A word about the Japanese economy – Japan is trying to attract more tourists, especially Americans who spend more money than Chinese. People work and save for retirement but the social security pension is low at $650 a month so they have to save instead of spend their extra money. Everywhere you go there are these robot toilets in Japan (even on trains and planes, and in Hawaii too), but I think they are overrated, even if the seat lifts up automatically as you enter the bathroom. Karen could never find the “flush button” and you still need to wipe up afterward. To my mind, having tried water hoses in Moslem-oriented bathrooms and the Japanese toilets, nothing beats 2 kleenex with warm water and some toilet paper plus a bit of toilet paper afterward. Bring your own pillow – all the pillows in the hotels were hard.

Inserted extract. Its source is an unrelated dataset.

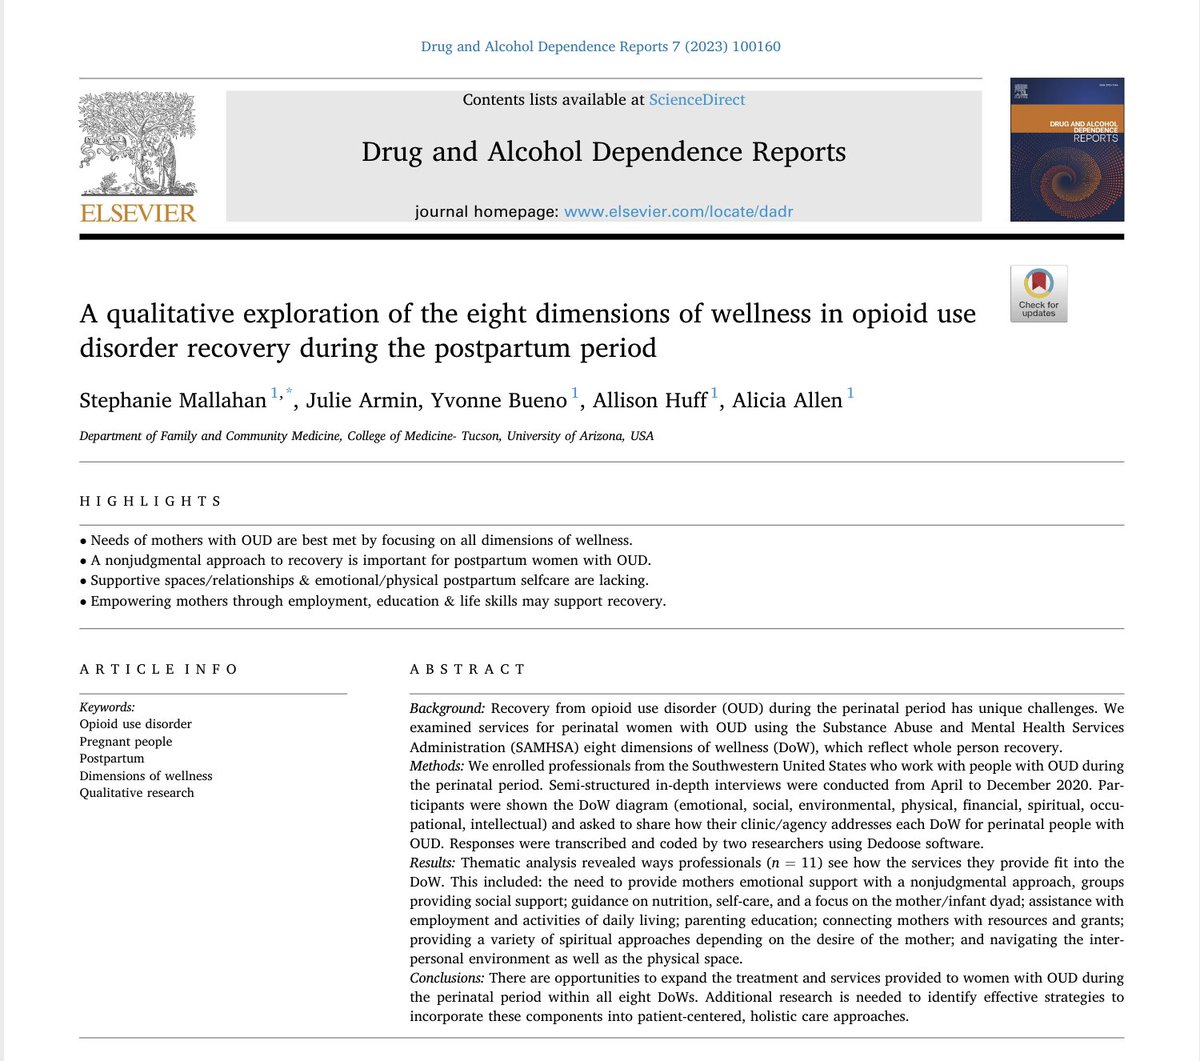 New DADR study highlights how whole-person approach can enhance treatment for perinatal women with OUD. Focus on emotional support, social networks. More research needed for patient-centered care. #OpioidRecovery #PerinatalHealth

tinyurl.com/4pccvyef

Electrical appliances don’t need adapters; the electricity is same as in the US. One takeaway thought – Japan was bombed to smithereens in the last world war but it looks great now with everything clean and new and shiny. Germany also enjoys the infrastructure of a rebuilt country. America could use some of this too. After 9/11 destroyed the World Trade Center, a whole new southern tip of manhattan grew up with beautiful buildings and parks. Perhaps America could figure out how to renew more of its infrastructure without waiting for a bunch of terrorists to provide the catalyst. When it is hard to communicate, everyone on the other side appears dumb. The Japanese are very smart, but they are a bit inflexible and non-innovative, just like many Germans. The country works, but if you go one meter off the main road, it becomes utterly confusing, even to the natives. Over the past 15 years since my last visit, two changes I’ve noticed are that there are no more elevator ladies in the department stores pushing buttons and grandly announcing each floor, and there are no subway pushers at rush hour stuffing people into the trains. There are plenty of security officers along the tracks telling people what to do and people tend to want to stand on lines and be orderly in the stations when entering and exiting a train.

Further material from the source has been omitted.